How The SECURE Act Is Changing the Face Of Retirement
Contributor: Paula DePlanche, CPA, Partner
At the end of 2019, Congress passed (and the President signed) into law the SECURE (Setting Every Community Up for Retirement) Act. Passed as part of the government’s spending bill, this recent legislation will inevitably impact those saving for retirement in a wide range of ways. Some of the key provisions affecting individuals include:
- Repeal of the maximum age for traditional IRA contributions *
- Increase the required minimum distribution age *
- Partial elimination of stretch IRAs
- Expansion of Section 529 education savings plans usage
- Kiddie tax changes
- Penalty-free retirement plan withdrawals for expenses related to the birth or adoption of a child
- Certain payments are now considered compensation for IRA purposes *
In this blog, we will discuss items 1, 2, and 7, starred above. However, stay tuned for the other issues to be addressed in subsequent blogs.
Will The SECURE Act Impact Your Retirement?
Before 2020, traditional IRA contributions were not allowed until after the individual reached age 70½. Under the new rules, contributions are allowed starting in 2020 as long as the individual is considered to have earned income from wages or self-employment (compensation for services), no matter the age.
Additionally, the term compensation has been expanded to include the following: taxable, non-tuition fellowship and stipend payments received by graduate and postdoctoral students as well as tax-exempt difficulty-of-care payments. Both of these payments begin to qualify in 2020. The difficulty-of-care amounts may also be considered for retirement plans and may be available for retroactive application starting in 2016.

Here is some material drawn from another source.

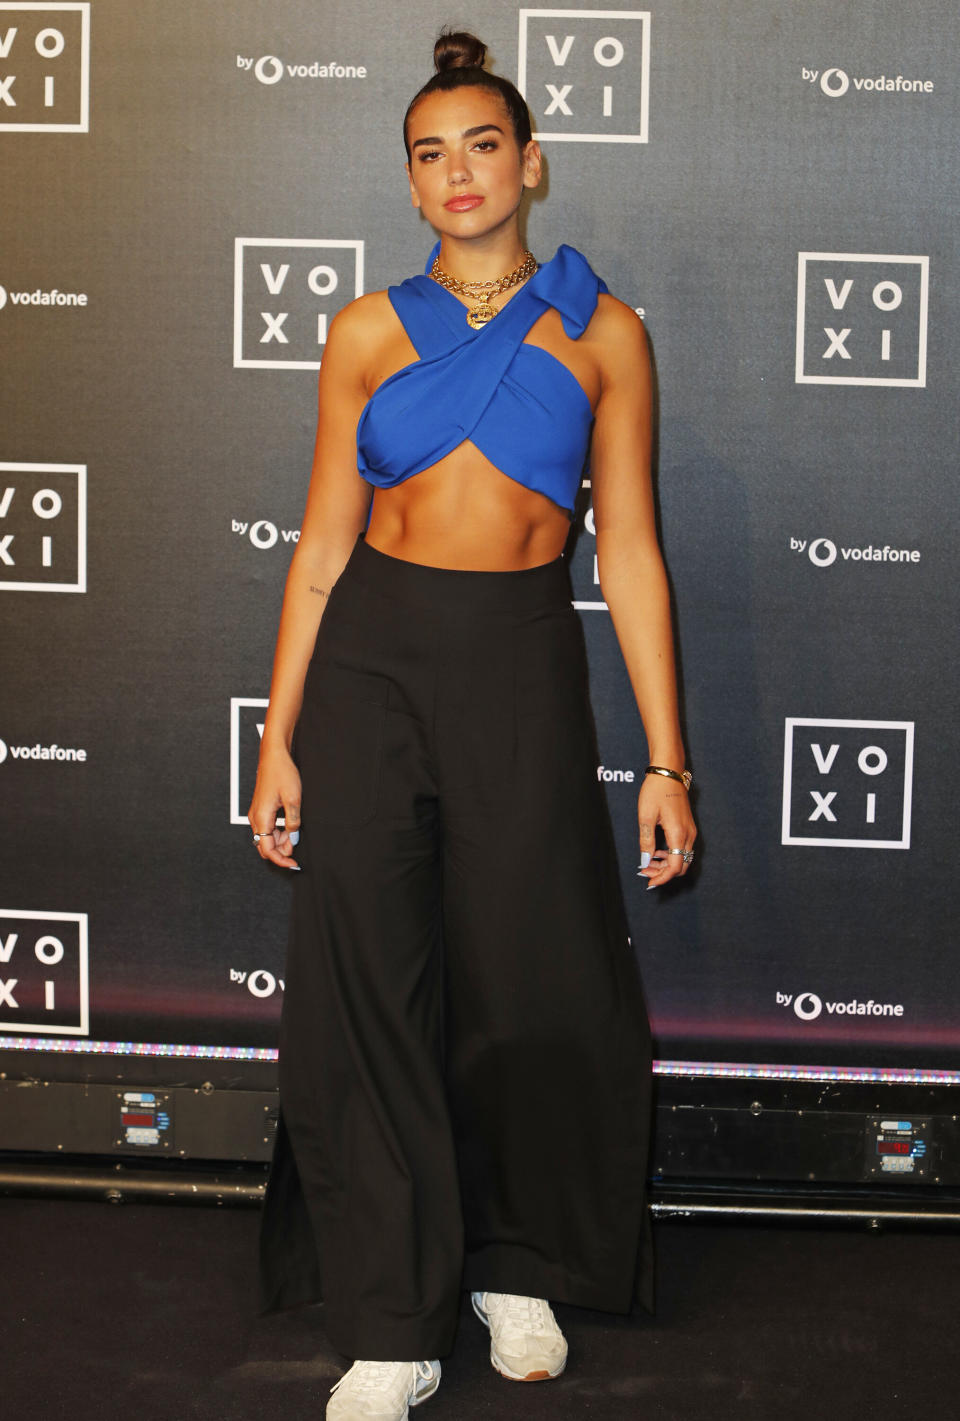 Lipa at the Voxi launch party in London on Aug. 31, 2017.

Also, before 2020, retirement plan participants and IRA owners were generally required to begin taking required minimum distributions (RMDs) from their accounts by April 1 of the year directly following the year they reached age 70 ½. The new provision allows individuals who do not turn 70 ½ until 2020 or later to wait to take their distribution until 72 if they so desire. If someone reached age 70 ½ during 2019, they must begin receiving their RMDs by April 1, 2020, if they had not taken it during 2019.

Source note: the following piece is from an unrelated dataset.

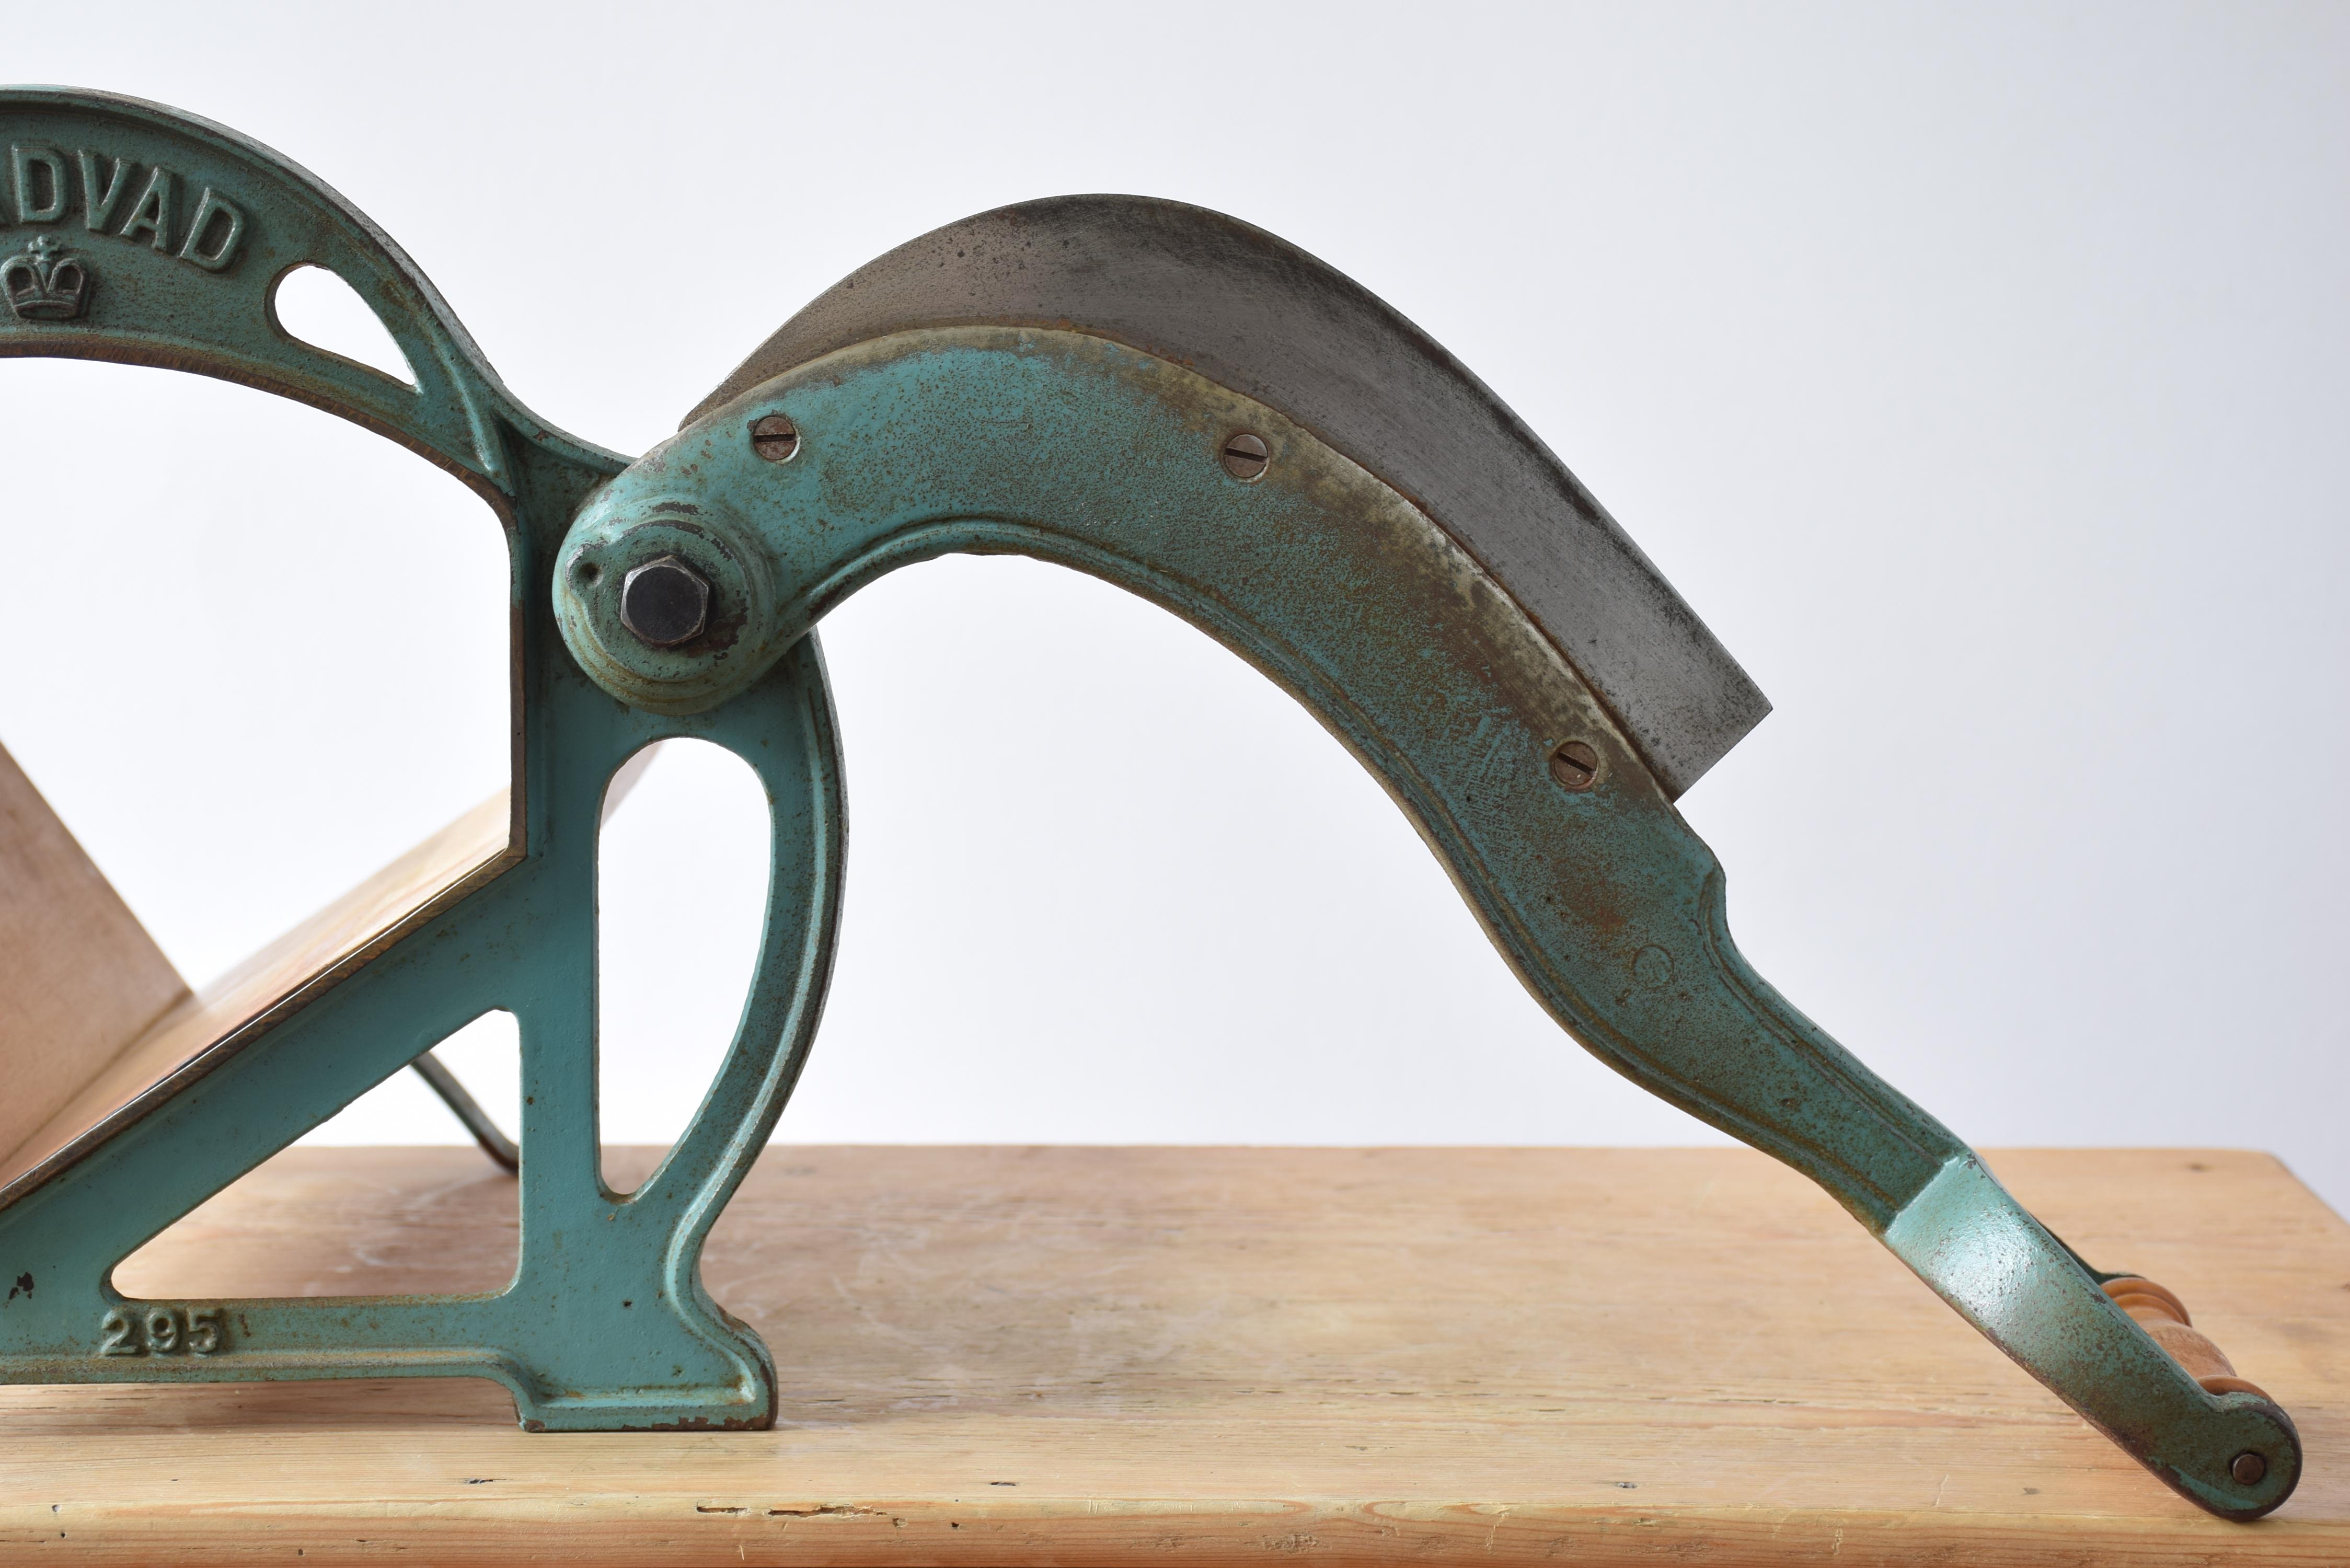 Danish Raadvad Bread Slicer Art Nouveau Style in Blue with Great Patina, 1920s For Sale 1

Leone, McDonnell & Roberts Can Help You Navigate Through the SECURE Act
We highly recommend checking with your LMR tax advisor before reaching your RMD age. Each individual’s tax situation is different, and careful consideration should be given to determine what year your first distribution should occur. For some, the year you turn 70 ½ may be the most advantageous. However, for others, it might be best to wait to take it by April 1 of the following year. If you wait until the next year, please be aware that a second distribution will be required for that year.